Wild West Wing comedy about Mary Todd Lincoln is funniest show in town

More than once during “Oh, Mary!,” which opened Thursday night off-Broadway, it hits you: How am I laughing so uncontrollably at a play about Mary Todd Lincoln?

Yes, Abraham Lincoln’s wife is the subject of this riotous new comedy at the Lucille Lortel Theatre, written by and starring Cole Escola, that definitely does not aim to teach your anything or challenge your brain cells. Rather, the campy “Oh, Mary!” is too busy daring your lungs to stay full of air for more than a few seconds. 


Theater review

OH, MARY!

One hour and 15 minutes with no intermission. At the Lucille Lortel Theatre, 121 Christopher Street. Through March 24.

Like the Confederacy, your lungs lose.

How has the talented playwright and performer wrung so many jokes out of a complex Civil War-era first lady whose husband was assassinated and whose disposition was hardly known for being pleasant?

Unbridled irreverence and unwavering commitment.

Raunchiness, killer punchlines and devil-may-care historical inaccuracy abound throughout the 75-minute sprint. If any audience member wonders, “did that event really happen?,” 99% of the time the answer is “no.” The only certainties here are that Abraham and Mary Todd Lincoln existed and that the Union prevailed. 

I’ll have to fact-check this, but I’m pretty sure Mary Todd never hung out in a saloon with two guys named Bill and Kyle.

Escola portrays Mary as a raging alcoholic who wants to escape political life and become a famous cabaret star.

Amid all the madness, a dead-serious Escola plays Mary — a raging drunk who’s trapped in the stuffy White House by a controlling commander-in-chief and who has a pipe dream of becoming a cabaret star — like she’s Hedda Gabler or Medea. It’s a fiery, venomous, irrepressible, doofy, mesmeric performance that is an unmissable highlight of the season.

A stressed-out Abraham, played by a stern Conrad Ricamora, is here, too, pacing — and sneaking — around the West Wing. Whenever he’s not cheating on his wife with a stone-faced male assistant named Simon (Tony Macht), Abe and Mary are bickering like a sitcom couple. And they pump it up to melodrama.

“We’re at war!” the president shouts at a disinterested Mary.

“With who?,” she replies.

“The South!”

“Of what?!”

Abraham Lincoln (Conrad Ricamora) and Mary Todd (Cole Escola) bicker constantly — and sneak around behind each other’s backs.

Fed-up Abe wants nothing to do with his boozehound spouse, so he hires a local teacher (James Scully) to come give unhinged Mary acting lessons to get her away from him. The sessions, hysterical, get steamy, and suddenly the play is also a nutso, scandalous romance. 

Scully, who did puppy dog very well in the rom-com movie “Fire Island,” is a hoot going full-blown wacko here. 

Also funny is Bianca Leigh as Louise, Mary’s chaperone who’s a demented Maria von Trapp.

Director Sam Pinkleton stages this fabulously overdramatic display with both scrappiness and sheen. Perhaps due to his career as a choreographer of musicals such as “Natasha, Pierre, & the Great Comet of 1812,” none of the sharp, comedic bits ever appear overworked or, well, choreographed.

The dizzying giggles aside, Escola has also written a taut and unexpectedly absorbing story with some bonkers twists. In any other play, they’d be too much. In this ridiculous world, they’re just right.

About the lunacy: the show, indeed, shares the sensibility of the plays of Charles Busch (“Vampire Lesbians of Sodom” and the upcoming “Ibsen’s Ghost”) and Charles Ludlam (“The Mystery of Irma Vep”). However, Escola’s acting style — like a serious Victorian tragedian who got lost at Upright Citizens Brigade — and sense of humor are singular, to say the very least.

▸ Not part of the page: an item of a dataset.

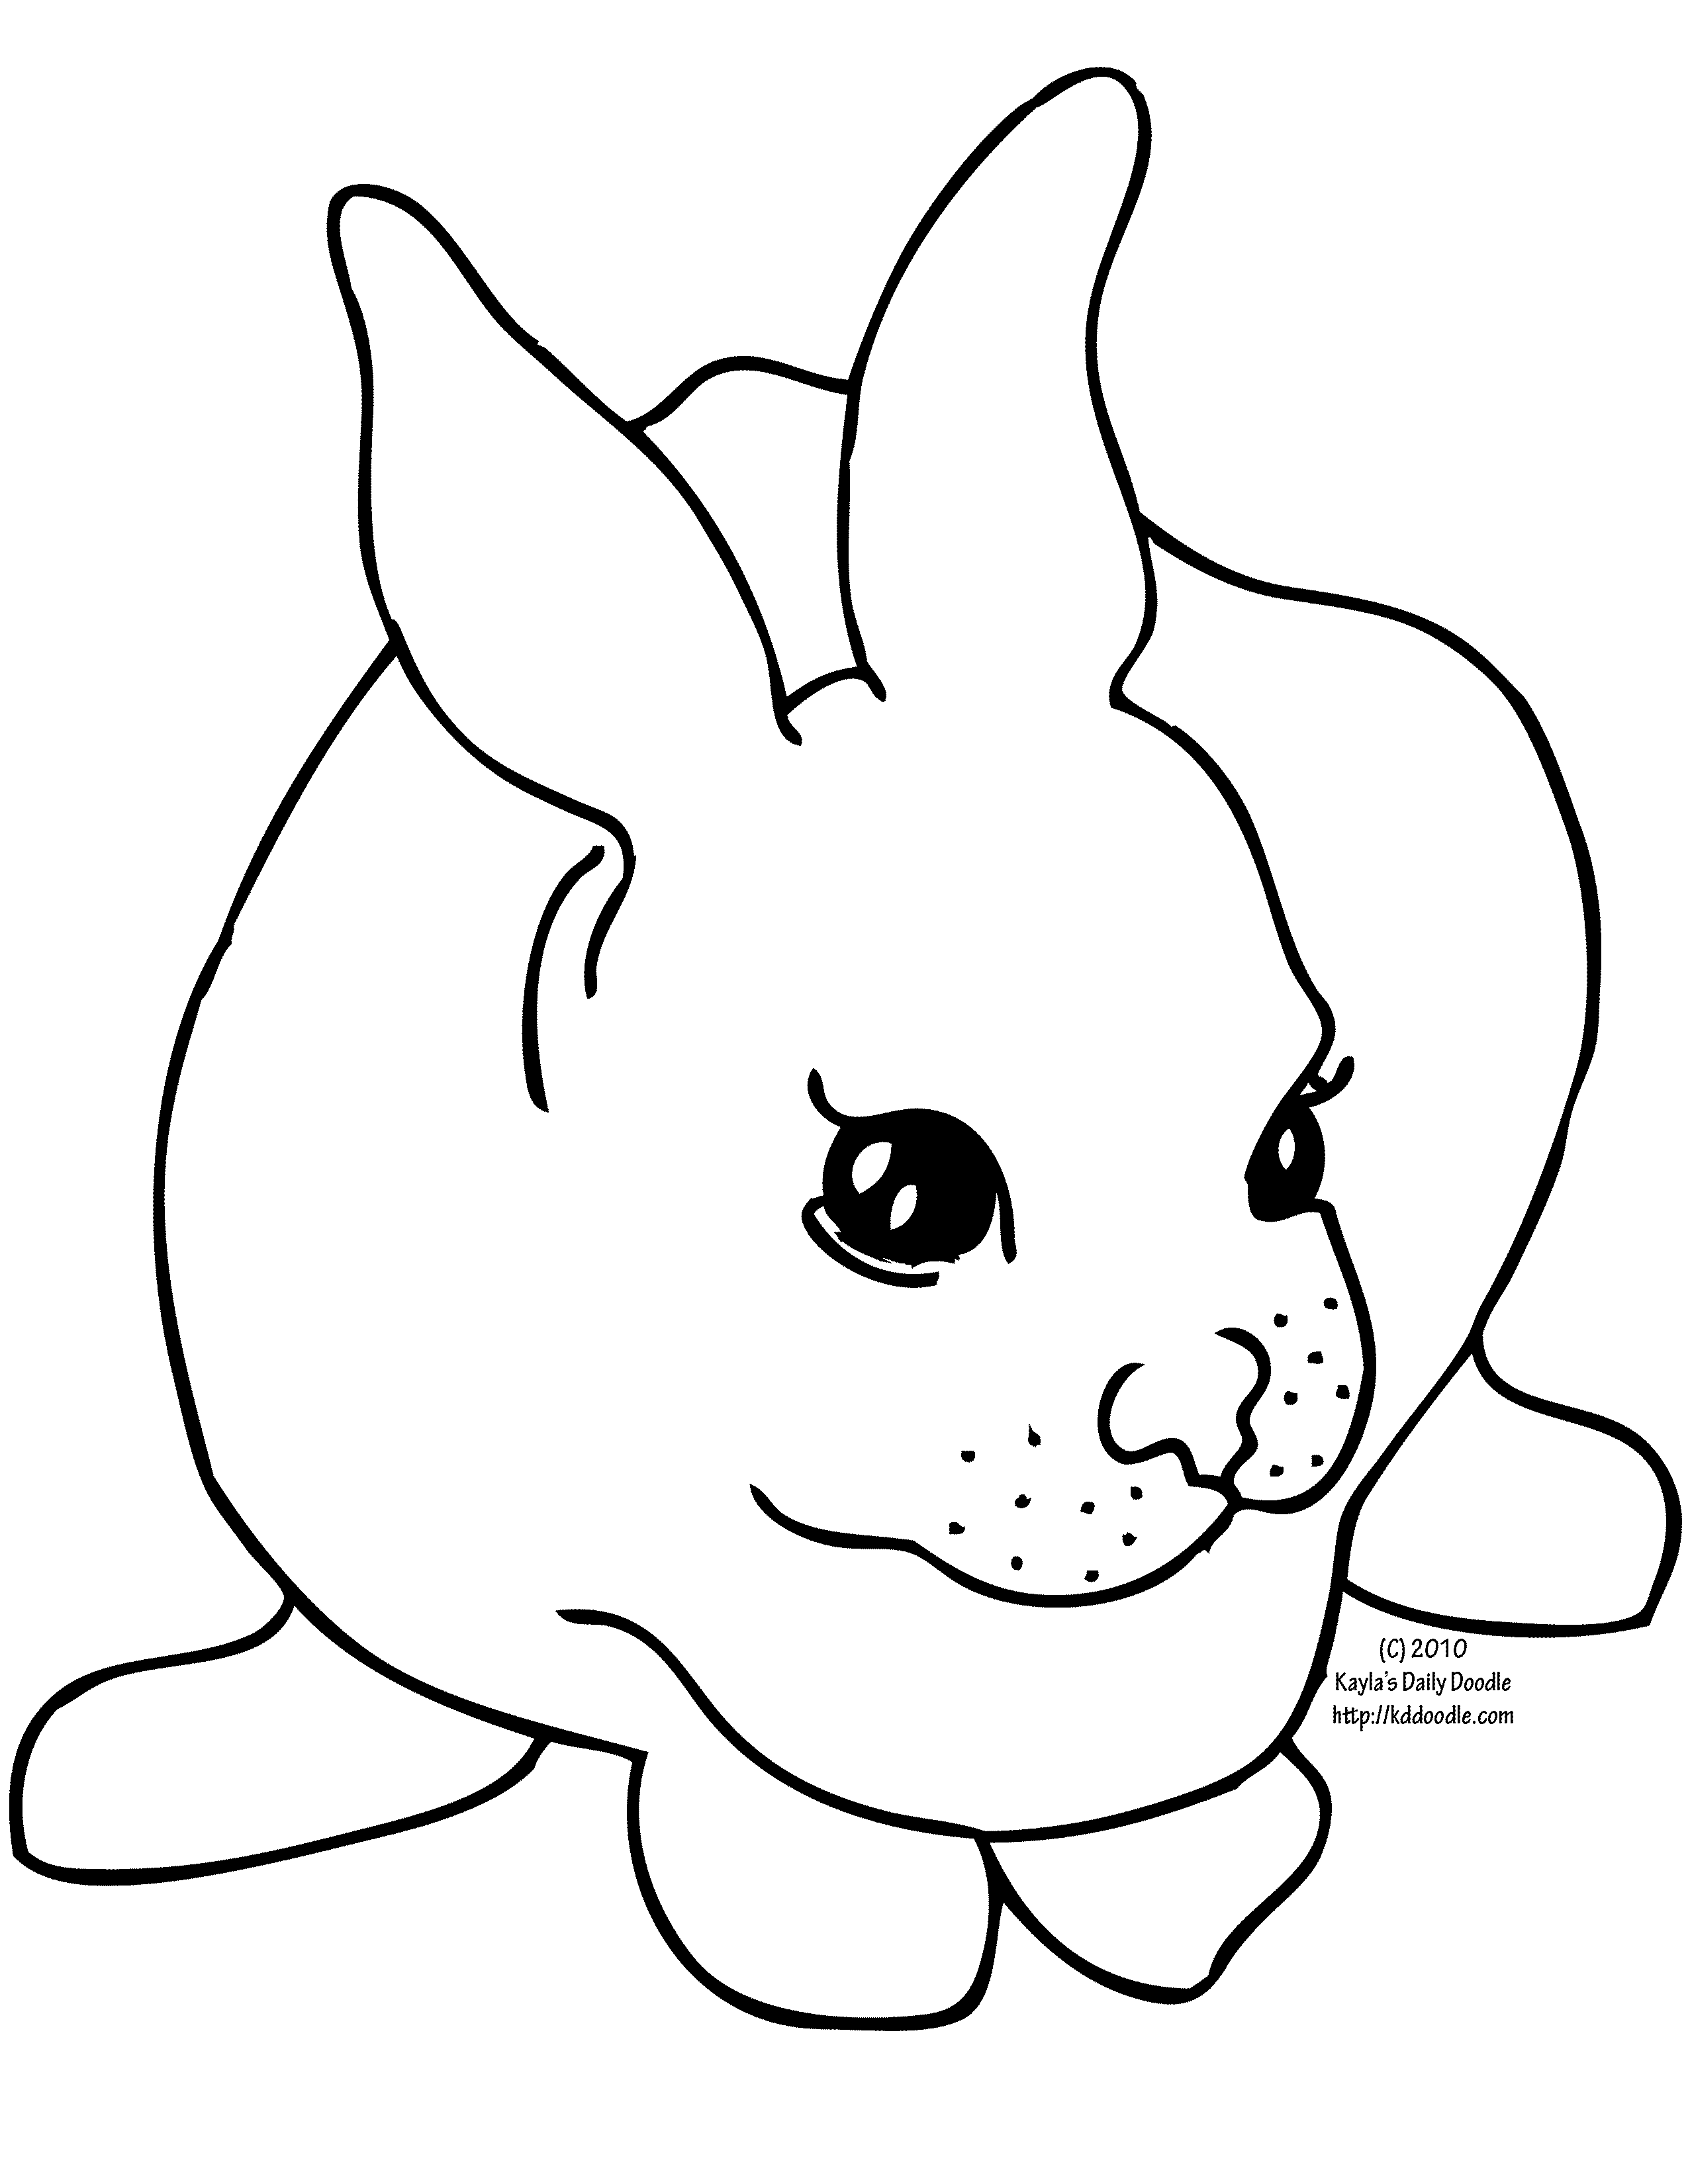 Rabbit Line Art | Free Download Clip Art | Free Clip Art | on ...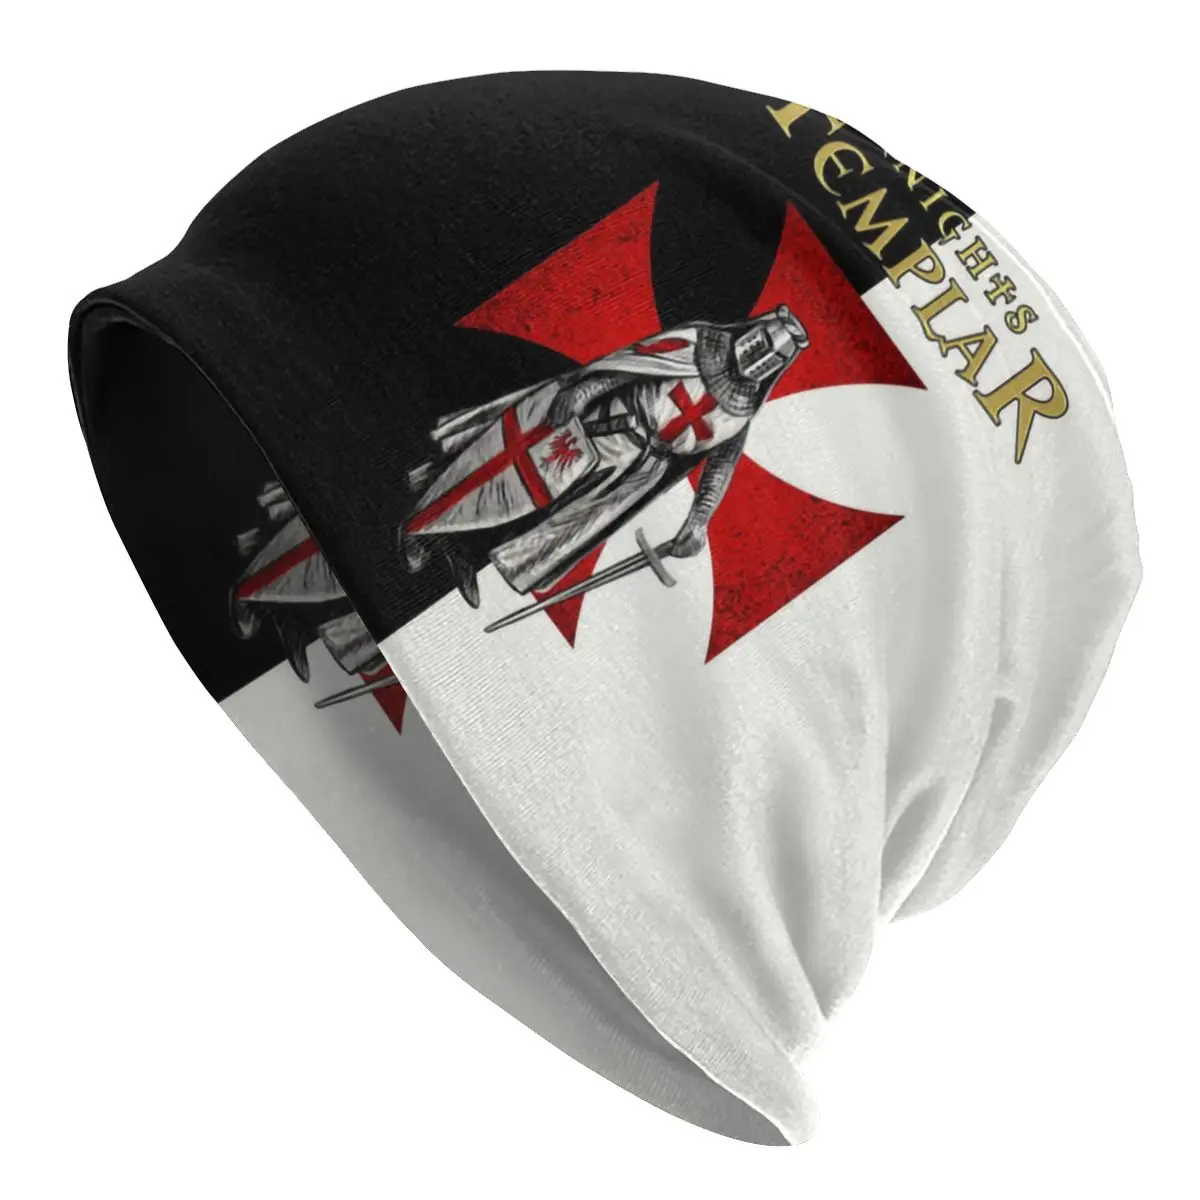 Knight Templar Beanies Caps For Men Women Unisex Cool Winter Warm Knit Hat Adult Crusades Knights Christian Warrior Bonnet Hats

Walking out at the end, I nonetheless felt the same excited sensation of having watched Busch’s plays like “The Divine Sister” back in college; that increasingly rare feeling of wanting to be downtown where outsize personality and weird ideas can flourish. Or could.

Performers like Escola and frequent collaborator Bridget Everett are keeping that energy alive by a thread.

Off-Broadway, which has strugged lately, is having a promising stretch with big crowd-pleasers. Last season’s funniest show, “Titanique,” continues to run at the Daryl Roth Theatre in Union Square. 

And this season’s finest comedy, “Oh, Mary!,” is making is ‘em laugh just as hard — at Mary Todd Lincoln, of all people! — over on Christoper Street.